▶ DATA EXCERPTS:
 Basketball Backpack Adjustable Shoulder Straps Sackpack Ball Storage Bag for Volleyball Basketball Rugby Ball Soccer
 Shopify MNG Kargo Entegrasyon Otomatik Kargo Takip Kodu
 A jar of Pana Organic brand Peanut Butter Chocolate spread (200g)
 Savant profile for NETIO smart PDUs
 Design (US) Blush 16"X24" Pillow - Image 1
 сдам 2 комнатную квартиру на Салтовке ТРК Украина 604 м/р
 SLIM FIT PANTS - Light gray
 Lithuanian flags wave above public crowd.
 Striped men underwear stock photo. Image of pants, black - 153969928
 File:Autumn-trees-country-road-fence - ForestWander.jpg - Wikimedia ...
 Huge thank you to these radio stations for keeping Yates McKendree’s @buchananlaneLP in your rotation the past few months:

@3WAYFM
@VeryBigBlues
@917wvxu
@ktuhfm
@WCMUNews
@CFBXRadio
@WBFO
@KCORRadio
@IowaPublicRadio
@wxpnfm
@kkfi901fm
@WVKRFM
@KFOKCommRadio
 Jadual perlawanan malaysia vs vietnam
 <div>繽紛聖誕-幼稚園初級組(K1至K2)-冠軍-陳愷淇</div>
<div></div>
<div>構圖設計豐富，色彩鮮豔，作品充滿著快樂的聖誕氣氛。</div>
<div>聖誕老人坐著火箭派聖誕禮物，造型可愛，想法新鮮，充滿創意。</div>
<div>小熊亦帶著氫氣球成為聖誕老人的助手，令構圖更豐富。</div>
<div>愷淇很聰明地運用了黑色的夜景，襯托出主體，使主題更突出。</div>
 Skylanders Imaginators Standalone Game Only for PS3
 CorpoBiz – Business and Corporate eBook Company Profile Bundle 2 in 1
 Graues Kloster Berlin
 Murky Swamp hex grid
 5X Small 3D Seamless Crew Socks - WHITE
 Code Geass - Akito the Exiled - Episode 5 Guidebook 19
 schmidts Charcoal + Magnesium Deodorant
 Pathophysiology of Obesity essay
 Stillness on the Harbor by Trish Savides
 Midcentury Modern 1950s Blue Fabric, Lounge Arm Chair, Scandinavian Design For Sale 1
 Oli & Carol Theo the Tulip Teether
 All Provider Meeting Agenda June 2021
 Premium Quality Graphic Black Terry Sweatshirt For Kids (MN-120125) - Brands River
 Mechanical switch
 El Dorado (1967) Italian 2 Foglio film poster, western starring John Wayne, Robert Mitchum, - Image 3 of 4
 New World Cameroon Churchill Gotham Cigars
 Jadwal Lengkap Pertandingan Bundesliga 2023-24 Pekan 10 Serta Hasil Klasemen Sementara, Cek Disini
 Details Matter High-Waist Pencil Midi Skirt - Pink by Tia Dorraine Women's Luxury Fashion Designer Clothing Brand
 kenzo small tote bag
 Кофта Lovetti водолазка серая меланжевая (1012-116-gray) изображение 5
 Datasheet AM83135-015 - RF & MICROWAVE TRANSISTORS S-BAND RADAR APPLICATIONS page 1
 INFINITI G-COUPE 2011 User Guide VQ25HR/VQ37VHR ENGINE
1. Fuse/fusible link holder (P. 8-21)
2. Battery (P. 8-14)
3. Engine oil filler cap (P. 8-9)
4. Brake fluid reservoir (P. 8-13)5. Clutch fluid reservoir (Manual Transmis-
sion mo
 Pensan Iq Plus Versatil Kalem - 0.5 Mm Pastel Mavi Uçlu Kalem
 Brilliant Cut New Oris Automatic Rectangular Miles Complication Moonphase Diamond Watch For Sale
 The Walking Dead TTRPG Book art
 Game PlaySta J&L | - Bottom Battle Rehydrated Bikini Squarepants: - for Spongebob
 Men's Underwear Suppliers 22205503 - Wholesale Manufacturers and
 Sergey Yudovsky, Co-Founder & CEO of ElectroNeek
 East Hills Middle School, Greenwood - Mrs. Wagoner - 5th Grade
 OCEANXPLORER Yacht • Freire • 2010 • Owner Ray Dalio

▶ WHAT TO WORK ON: Each line of the listing that contains the word "Image" must be copied.

▶ RESULT:
 Design (US) Blush 16"X24" Pillow - Image 1
 Striped men underwear stock photo. Image of pants, black - 153969928
 El Dorado (1967) Italian 2 Foglio film poster, western starring John Wayne, Robert Mitchum, - Image 3 of 4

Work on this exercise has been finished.